Lean For The New Year: 9 Surefire Weight Loss Tips

Kick the year off right with these 9 fat-loss tips that will help you transform and stay lean year round!

If you're looking to make 2015 your leanest year yet, you've come to the right place. Whether you want to push full steam ahead and build on the progress you made in 2014, or you're new to fitness and are looking to jump on the bandwagon for the first time in years, we've got a selection of tried-and-true tips and tricks to help you smash your goals.

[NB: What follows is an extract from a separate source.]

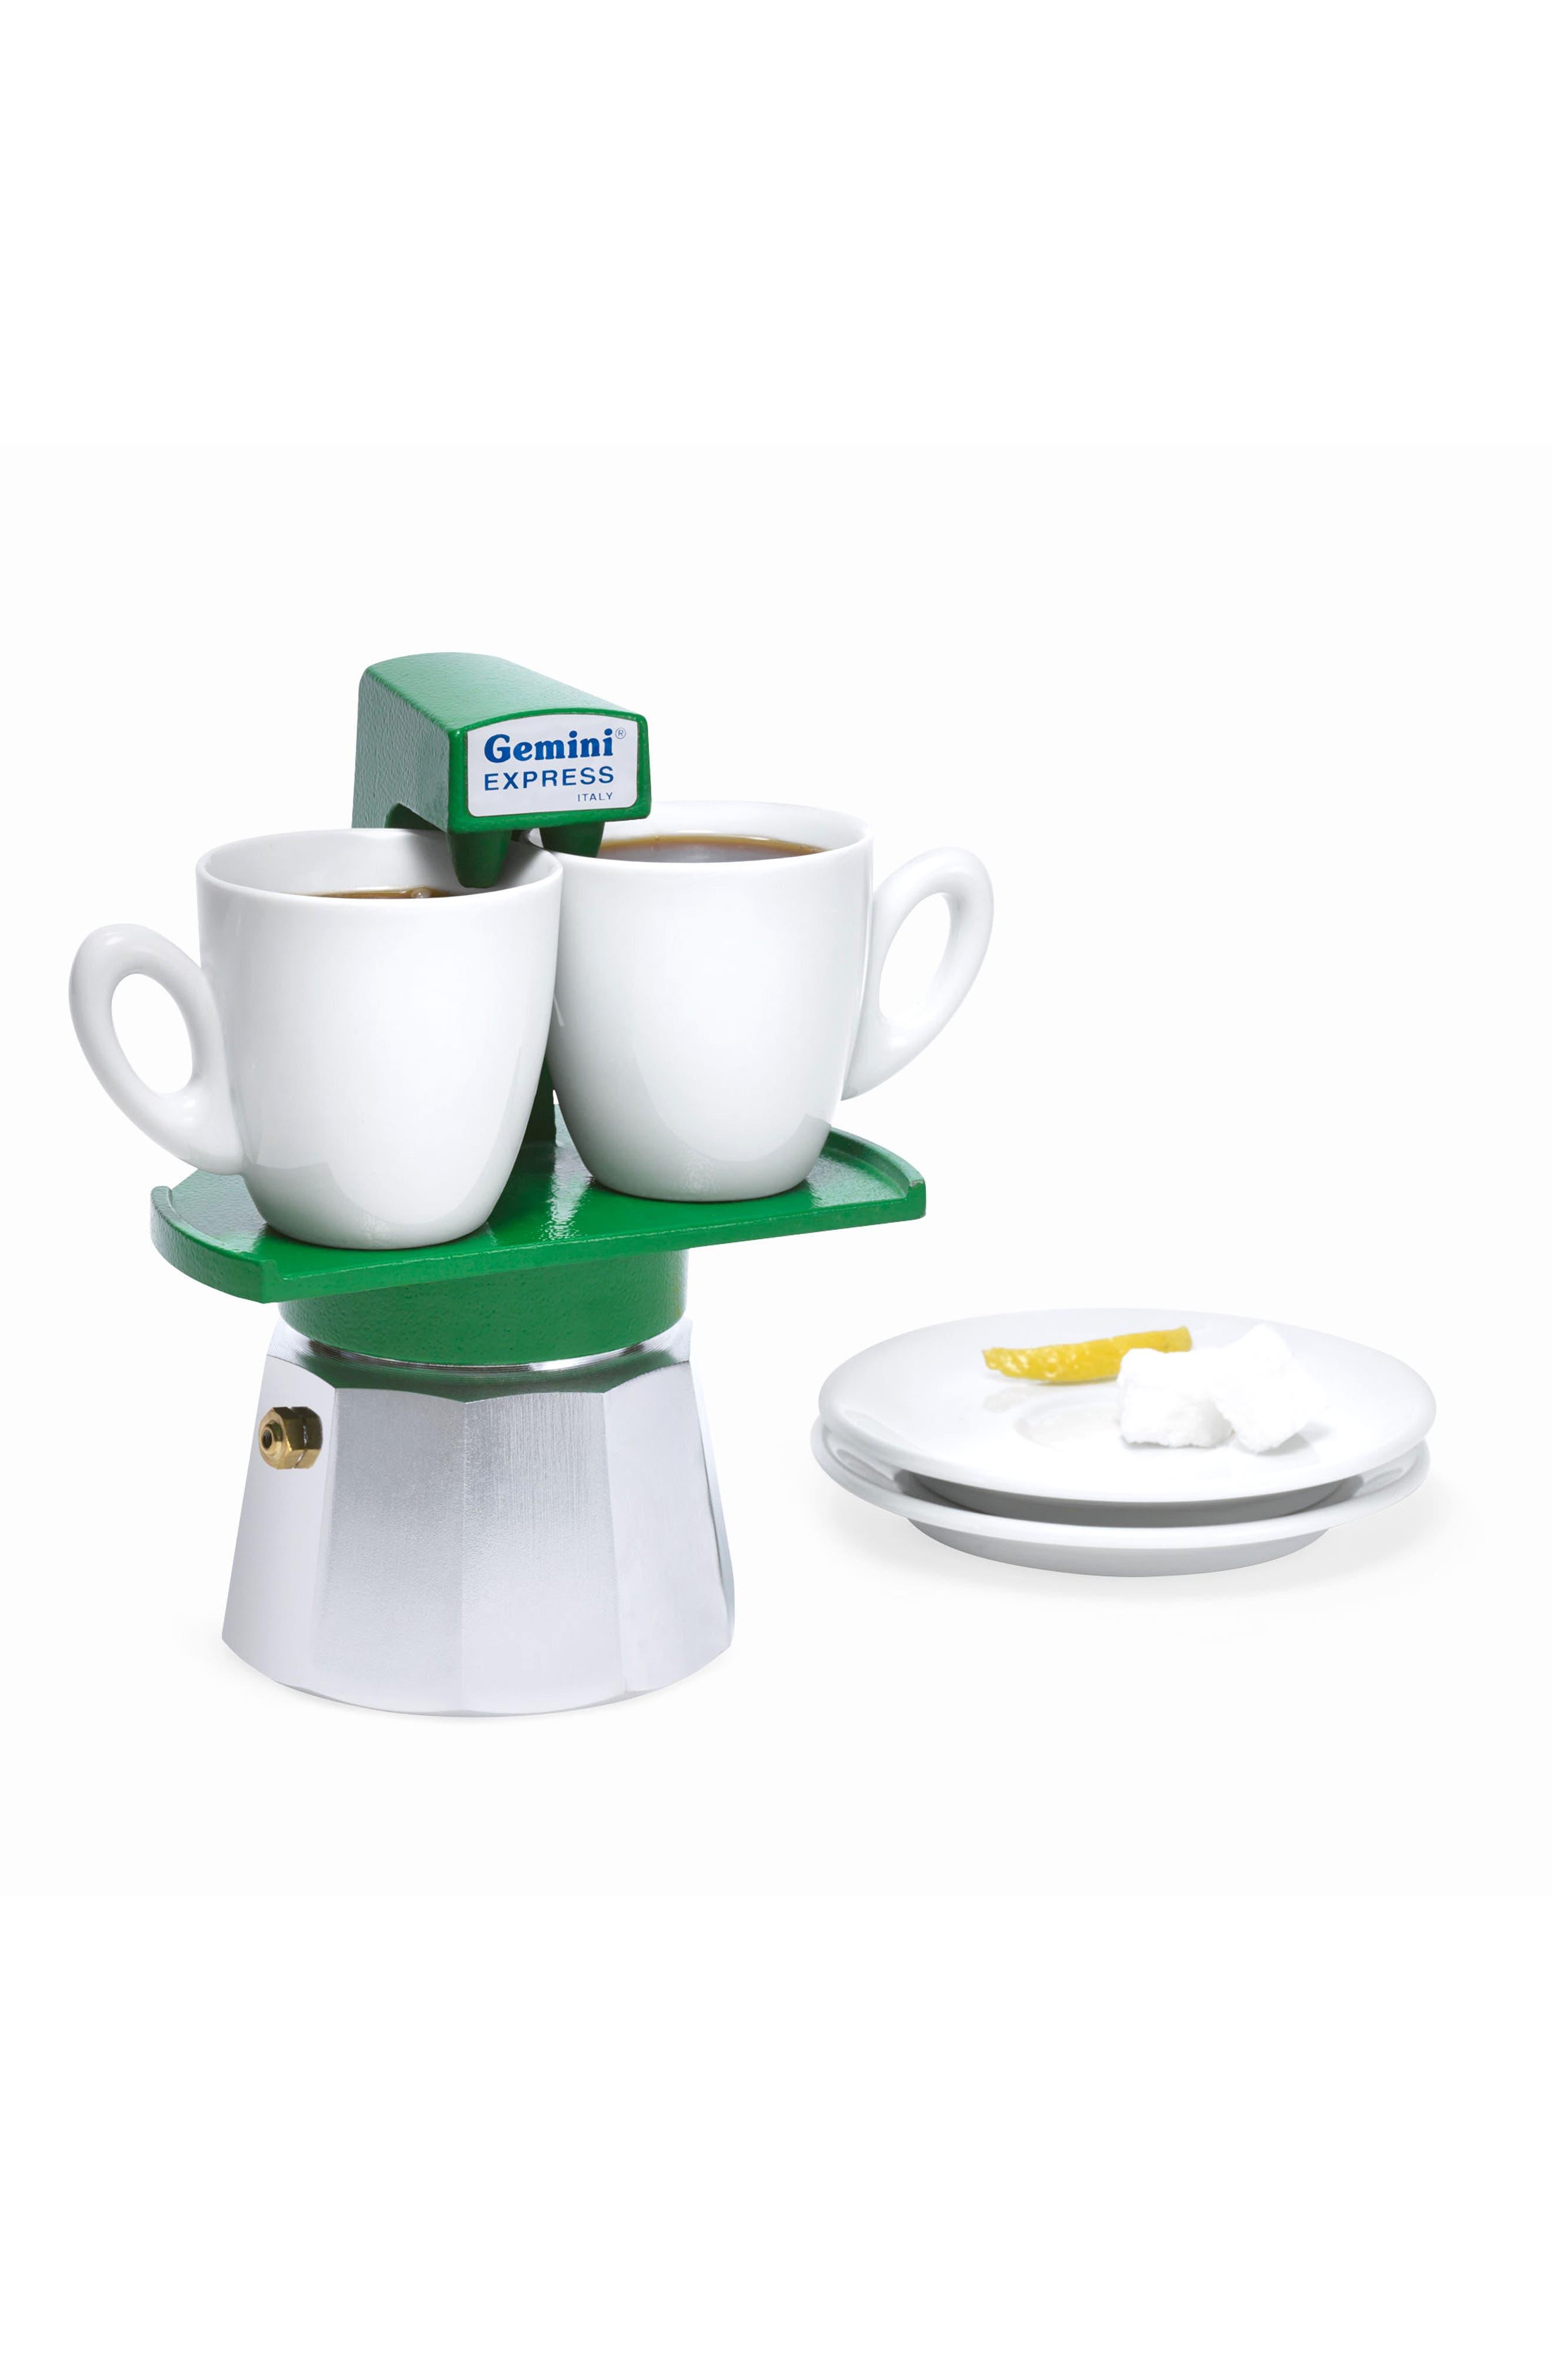 MoMA Design Store Gemini Espresso Maker

Sure, there will always be a new diet or workout plan, but sometimes simple is best. Instead of following everything that's #trending, start with a strong foundation of rock-solid principles and turn your fat loss up a notch with these nine transformation tips from the experts at Team Cellucor.

1

Get Your Game Plan In Place

First thing's first: Come up with a plan. "Nothing is worse than aiming to lose weight by randomly trying to do so with no rhyme or reason," says IFBB physique competitor Craig Capurso. If you want to succeed, you need to follow a defined path.

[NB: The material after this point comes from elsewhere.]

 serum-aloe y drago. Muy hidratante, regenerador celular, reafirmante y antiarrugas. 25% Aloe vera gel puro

Choose a workout and diet that's been proven, and stick to it. Don't try to combine four or five different plans into one. You'll just get overwhelmed, confused, and frustrated when you aren't seeing results.

If you're in need of a solid plan, check out Capurso's own 30 Days Out program.

If you're in need of a solid plan, check out Capurso's own 30 Days Out program. It's a pretty intense plan and not for the faint of heart, but it includes a full 30-day training layout, a diet customized to your personal specifications, an airtight supplement plan, and daily videos with Craig to help you stay motivated as you move through the program.

2

Seek Out Substitutes

If you're just getting back on the weight-loss bandwagon, don't remove everything you love from your diet on day one. Instead of banishing your favorite foods and embarking on a hardcore restriction diet, seek out healthy substitutes!

"Substitute sugary condiments with reduced-calorie options," recommends Capurso. "For example, opt for hot sauce over ketchup."

By making small changes first, it won't feel like you're completely revamping your diet. You'll be in familiar territory, but you'll still start seeing results. Once you get comfortable with those swaps and have gained more confidence in yourself, start making bigger changes.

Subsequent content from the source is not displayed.